The data -
▶

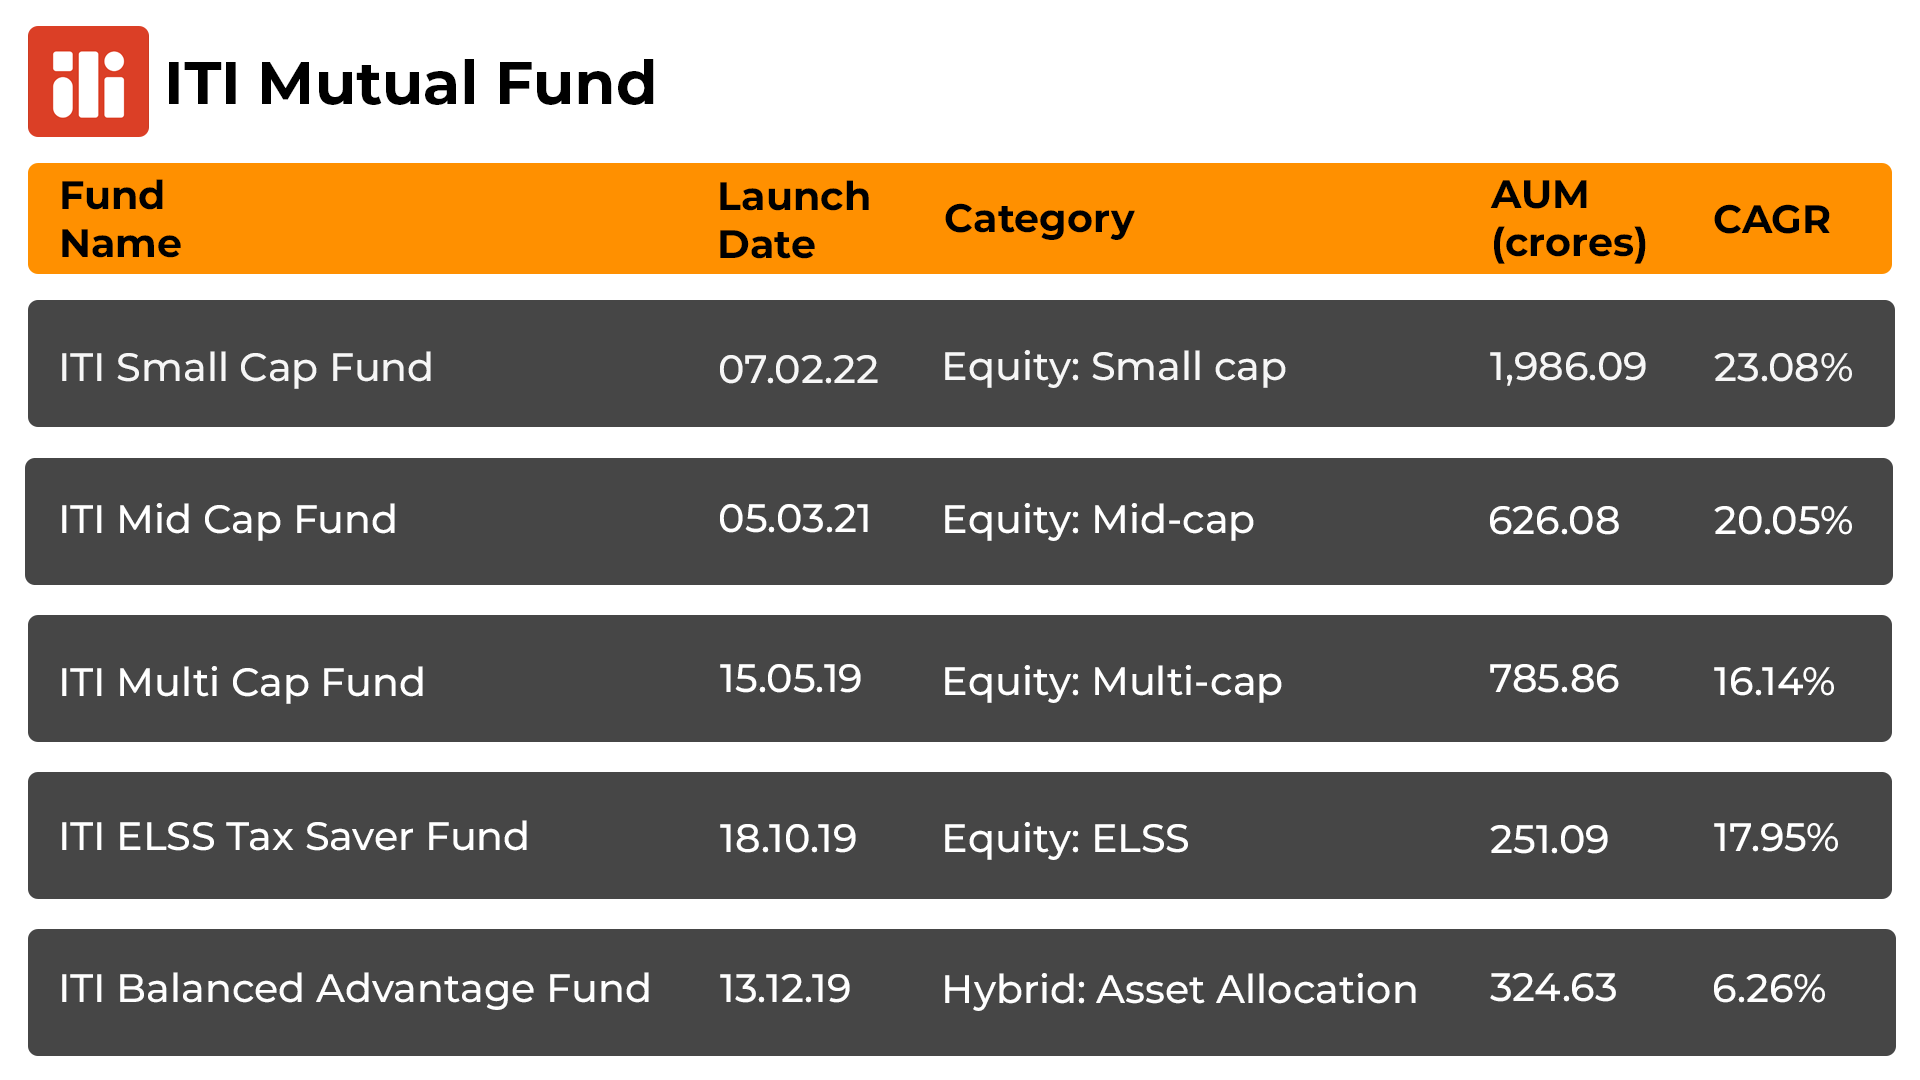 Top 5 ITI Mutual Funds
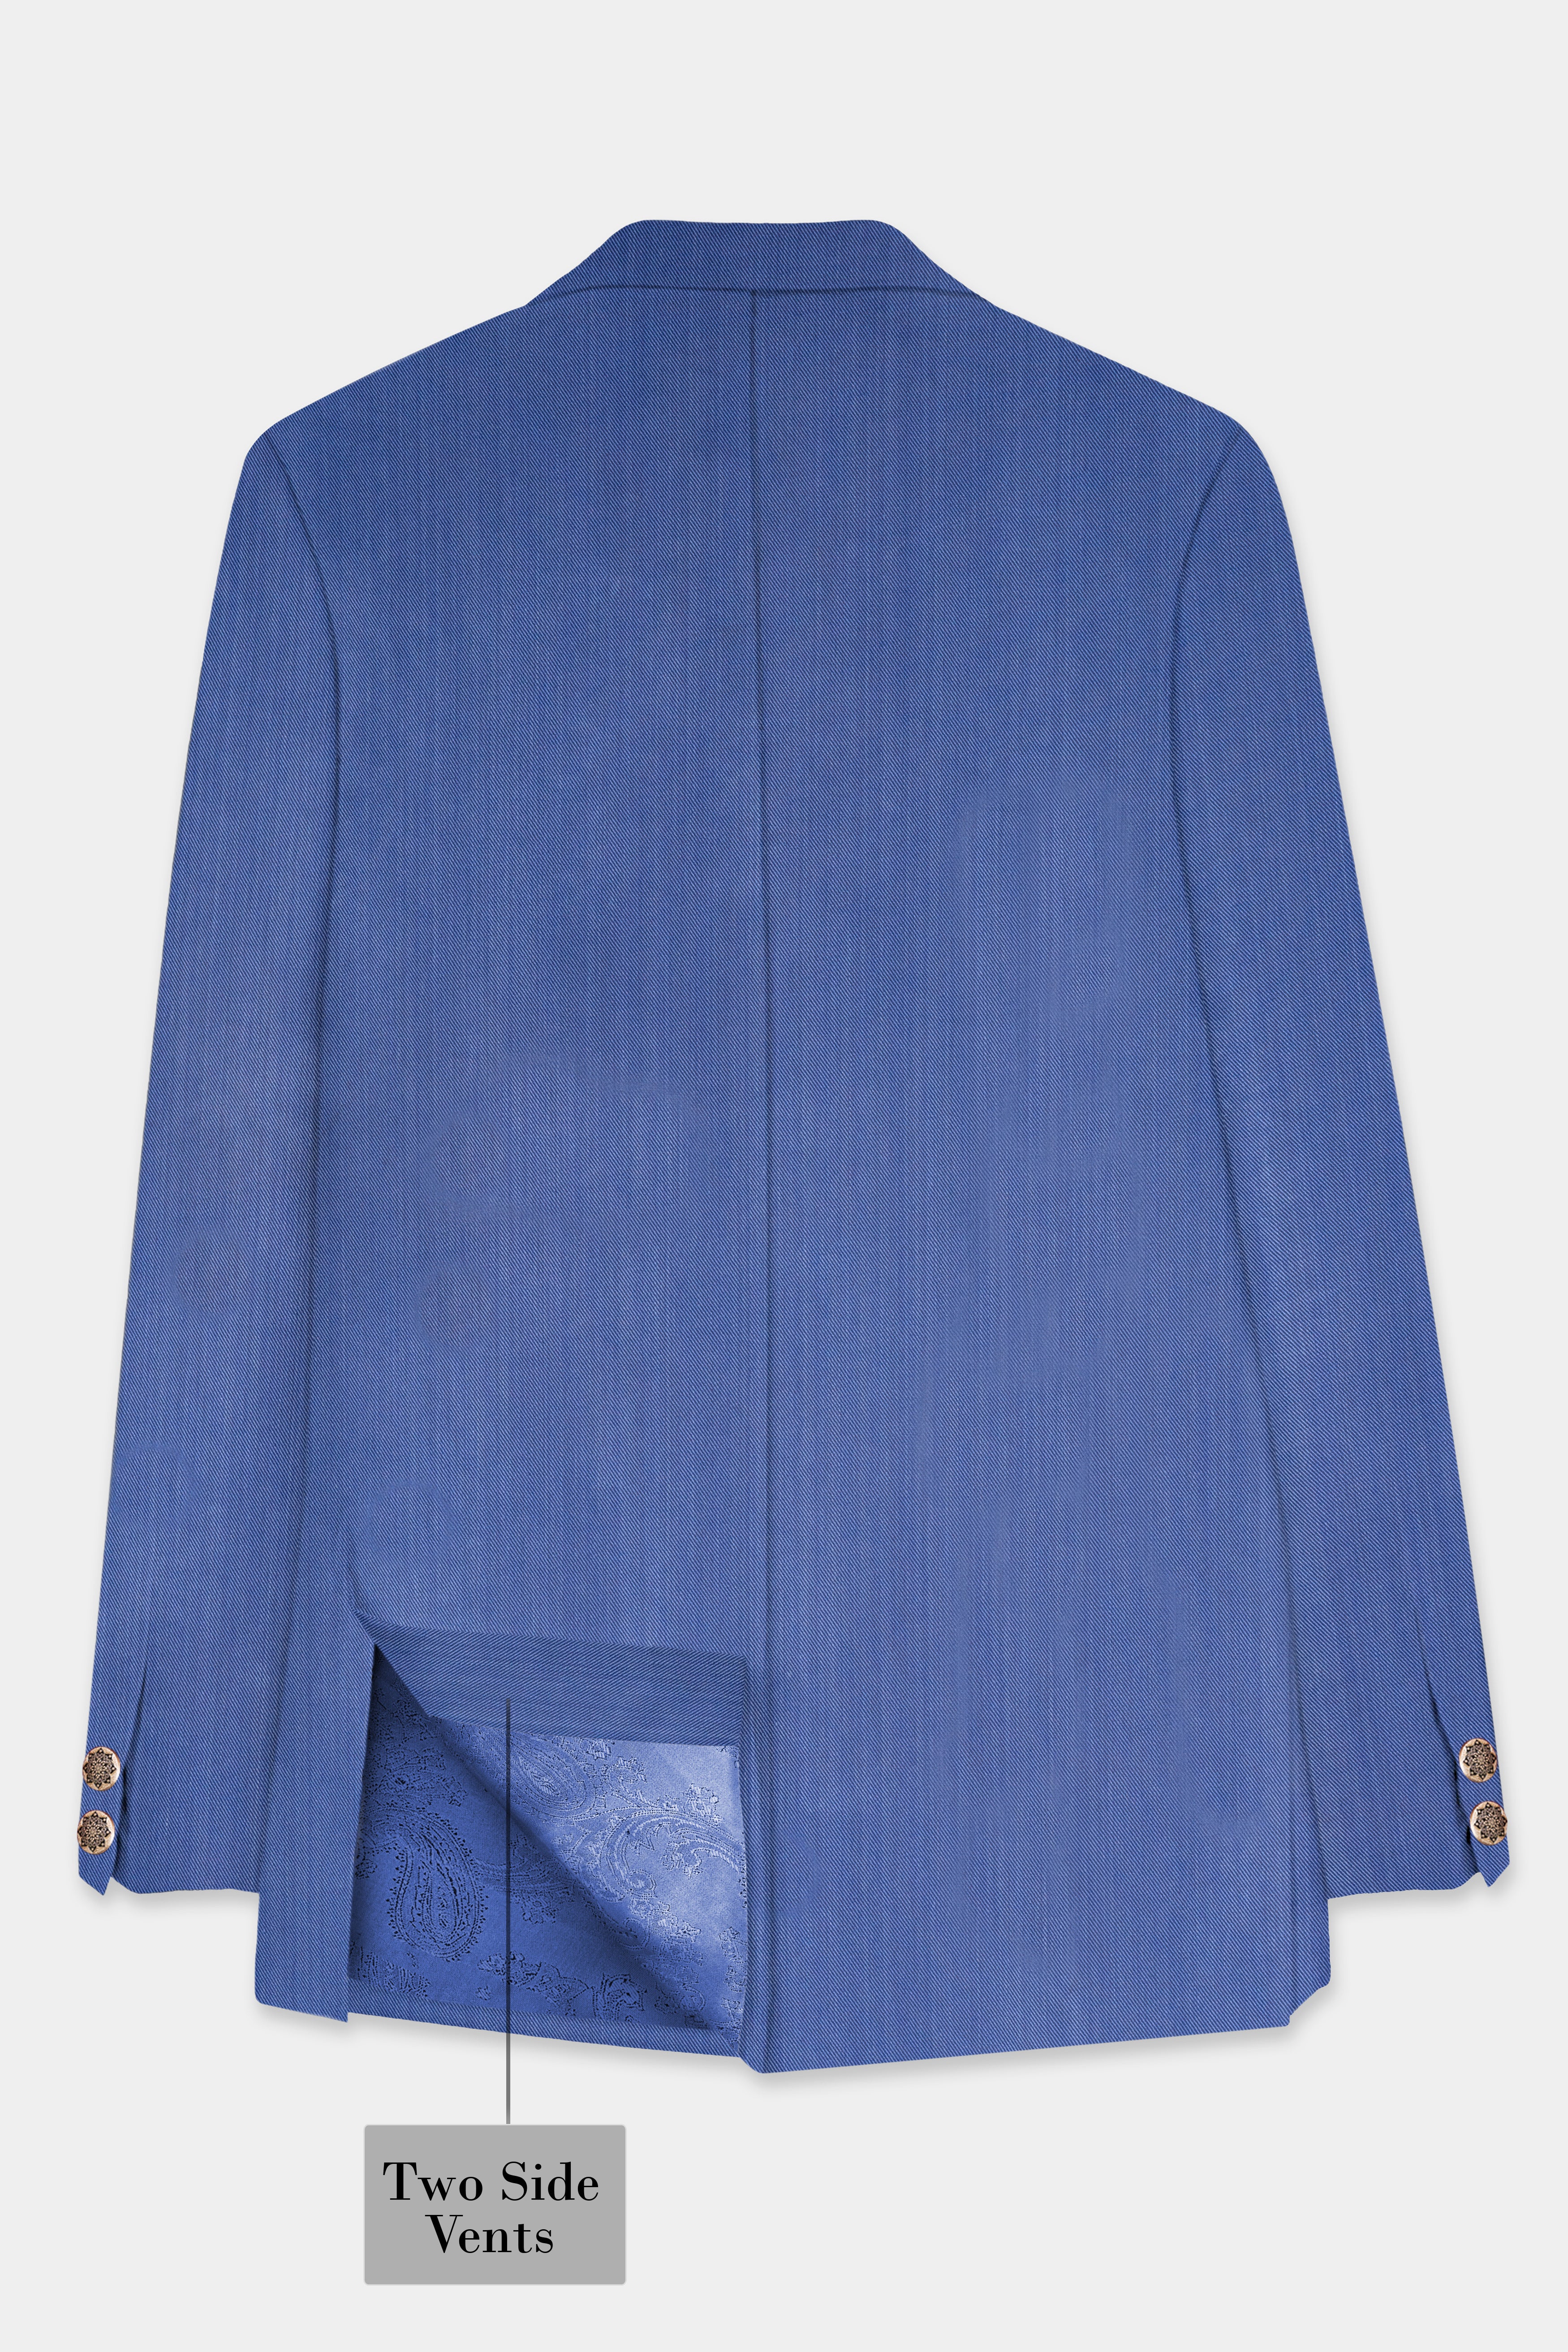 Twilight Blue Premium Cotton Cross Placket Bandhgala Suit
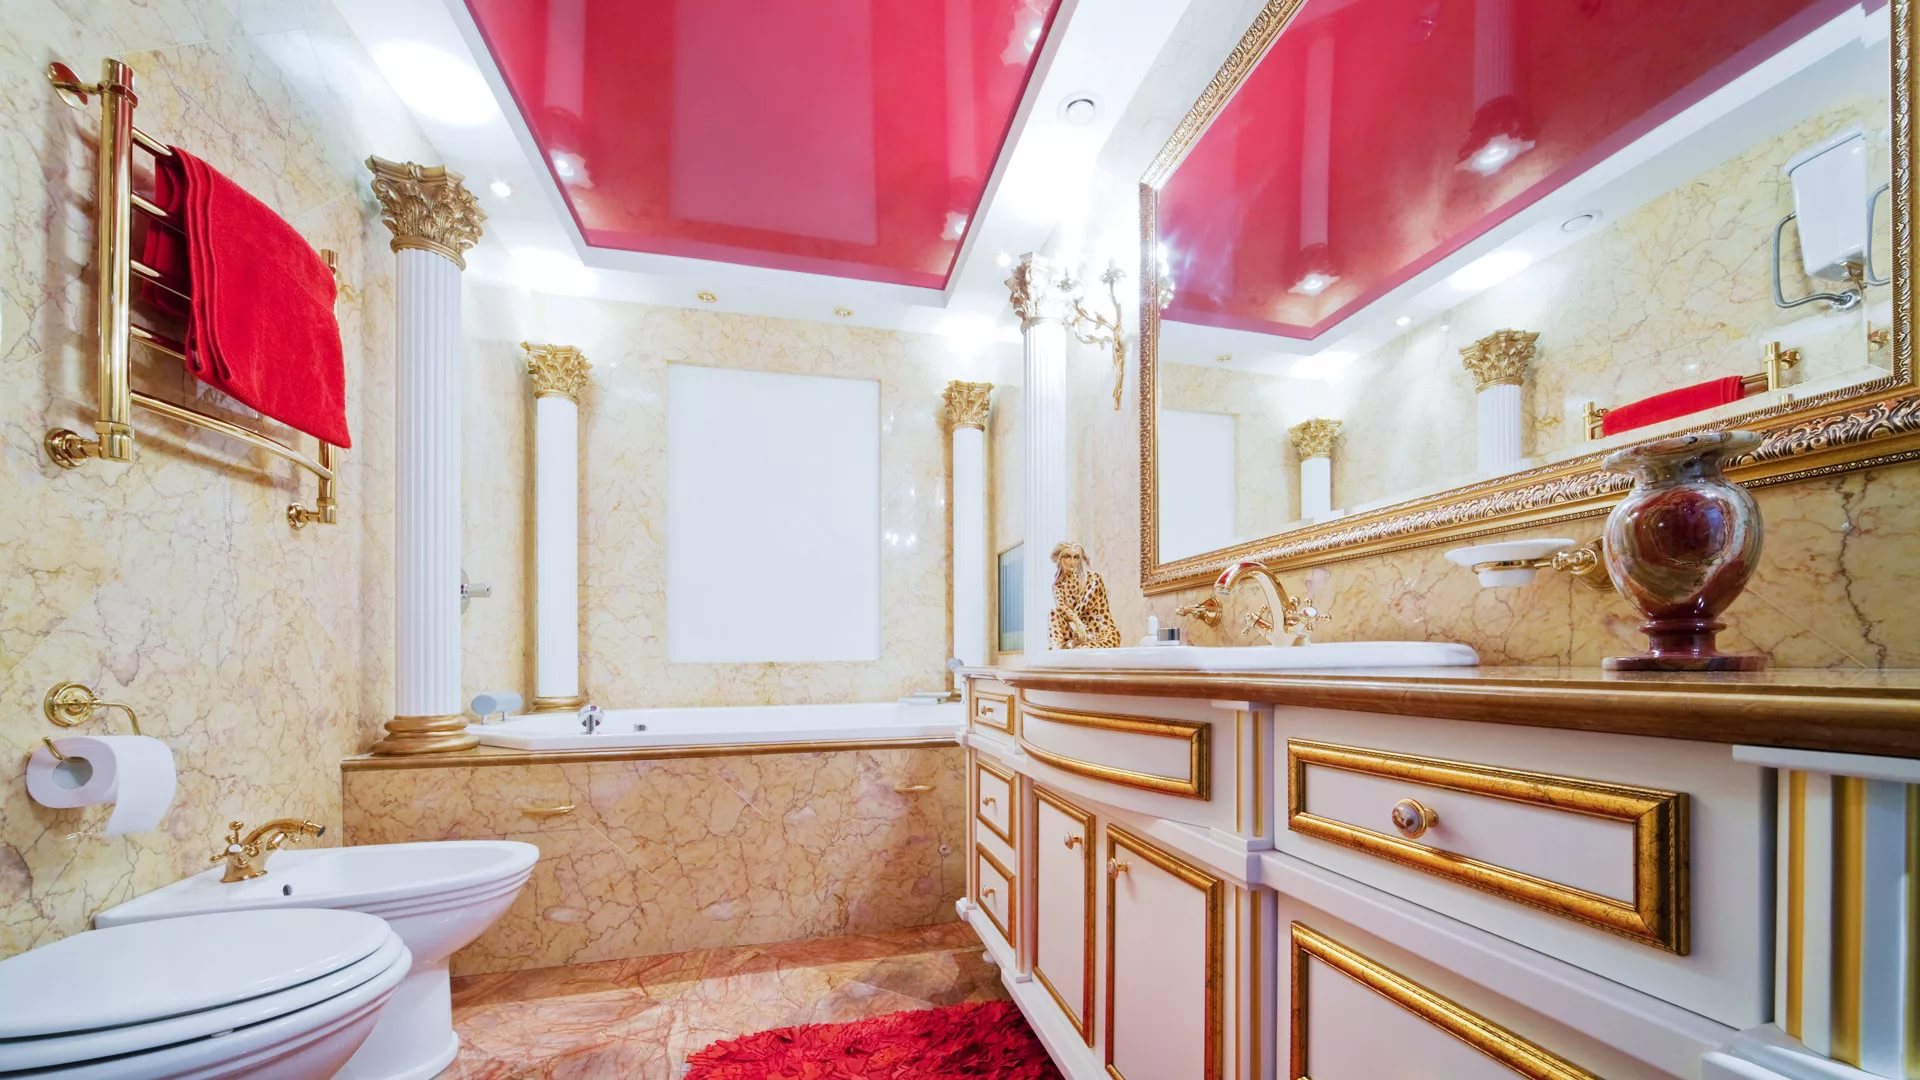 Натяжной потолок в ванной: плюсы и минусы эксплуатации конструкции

◀

The problem -
Output the material word for word, and keep the pictures out.

Solution below -
 Top 5 ITI Mutual Funds
 Twilight Blue Premium Cotton Cross Placket Bandhgala Suit
 Натяжной потолок в ванной: плюсы и минусы эксплуатации конструкции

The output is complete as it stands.